The entire 2nd Circuit Court of Appeals will consider Tuesday whether Title VII of the Civil Rights Act of 1964 prohibits discrimination based on sexual orientation.
This is the first time a full appellate court has heard arguments on this topic since the 7th Circuit ruled in an 8-3 decision in April that the Act’s ban on discrimination because of sex extends to sexual orientation. That case was Hively v. Ivy Tech, 15-1720.
The 2nd Circuit case, Zarda v. Altitude Express, 15-3775, makes a similar claim that Donald Zarda was fired from his job as a skydiving instructor because he was gay, in violation of Title VII. Zarda filed his lawsuit in 2010. He died in a base jumping accident in 2014 and his estate is continuing the lawsuit.
The en banc hearing has attracted a great deal of attention. The U.S. Department of Justice filed an amicus brief, arguing the issue of what Title VII covers is for Congress, not the courts, to decide. Also, a total of six attorneys are scheduled to argue, three on each side.

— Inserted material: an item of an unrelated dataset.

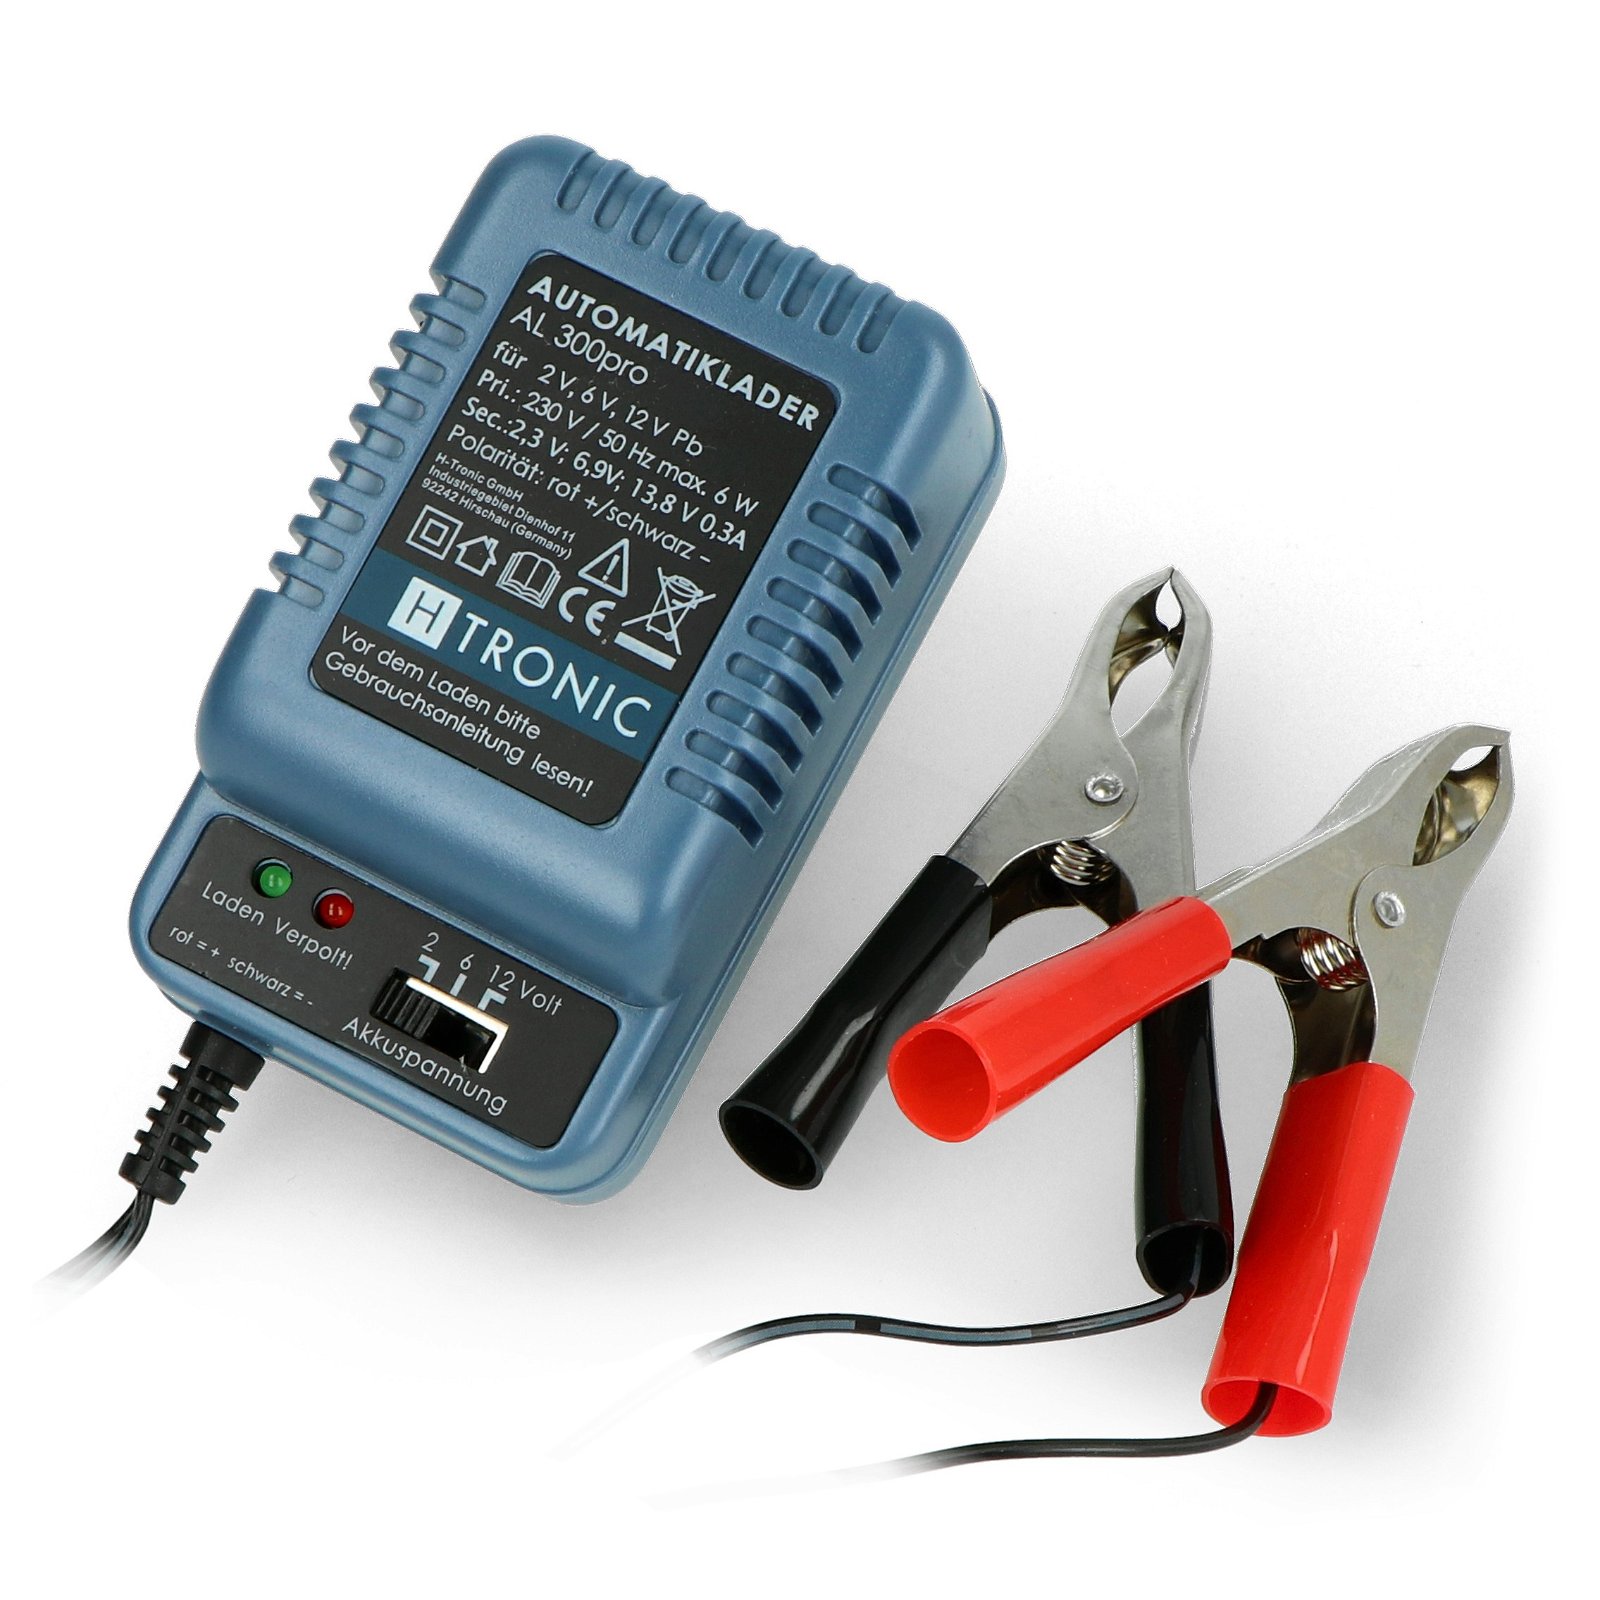 Battery charger for AL 300pro 2V / 6V / 12V gel batteries - 0,3A

However, before the 2nd Circuit judges even hear the arguments, the dispute over Title VII protections has landed at the Supreme Court of the United States. Lambda Legal Defense and Education Fund Inc. filed a petition for writ of certiorari asking the nine justices to review the Title VII case from the 11th Circuit, Jameka Evans v. Georgia Regional Hospital, et al., 850 F.3d 1248 (2017).
Attorney Gregory Nevins, workplace fairness program strategist for Lambda Legal, said the writ was filed because regardless of the 2nd Circuit’s en banc ruling, a split exists between the circuit courts and federal agencies.
The 7th Circuit overrode its own precedent in finding that Kimberly Hively, formerly an adjunct math instructor at Ivy Tech Community College in South Bend, could proceed with her civil rights complaint against the college. She claimed Ivy Tech violated Title VII when it denied her promotions and did not renew her contract because she is a lesbian.
Led by Chief Judge Diane Wood, the 7th Circuit majority ruled that discrimination on the basis of sexual orientation is a form of sex discrimination, which is banned by Title VII. Conversely, the 11th Circuit denied a petition for an en banc hearing after a panel issued a 2-to-1 decision that Title VII does not cover sexual orientation discrimination.
The split within the federal government comes between the Equal Employment Opportunity Commission and the Department of Justice. Both agencies are empowered to enforce Title VII but they are so divided as to how far the protections extend that at Tuesday’s hearing in the 2nd Circuit, an EEOC attorney will be arguing that the Civil Rights Act does include sexual orientation while an attorney from the Justice Department will be arguing the opposite.
Nevins also sees an opportunity for the U.S. Supreme Court to settle the issue favorably for gays and lesbians now that Associate Justice Neil Gorsuch has taken his seat on the bench.
The Lambda Legal attorney noted Gorsuch, an acolyte of the late Associate Justice Antonin Scalia, should follow his mentor’s belief that judges should stick to the language of the statute. Scalia’s majority opinion in Oncale v. Sundowner Offshore Services, Inc., et al., 523 U.S. 75 (1998), which Lambda Legal cites as a supporting case, advocates for looking at what the law says rather than trying to determine what Congress was thinking when it passed the legislation.
“…it is ultimately the provisions of our laws rather than the principal concerns of our legislators by which we are governed,” Scalia wrote in Oncale which found Title VII does prohibit same-sex sexual harassment.
The Zarda oral arguments are scheduled to begin at 2 p.m. Each side will have a total of 30 minutes to present their cases.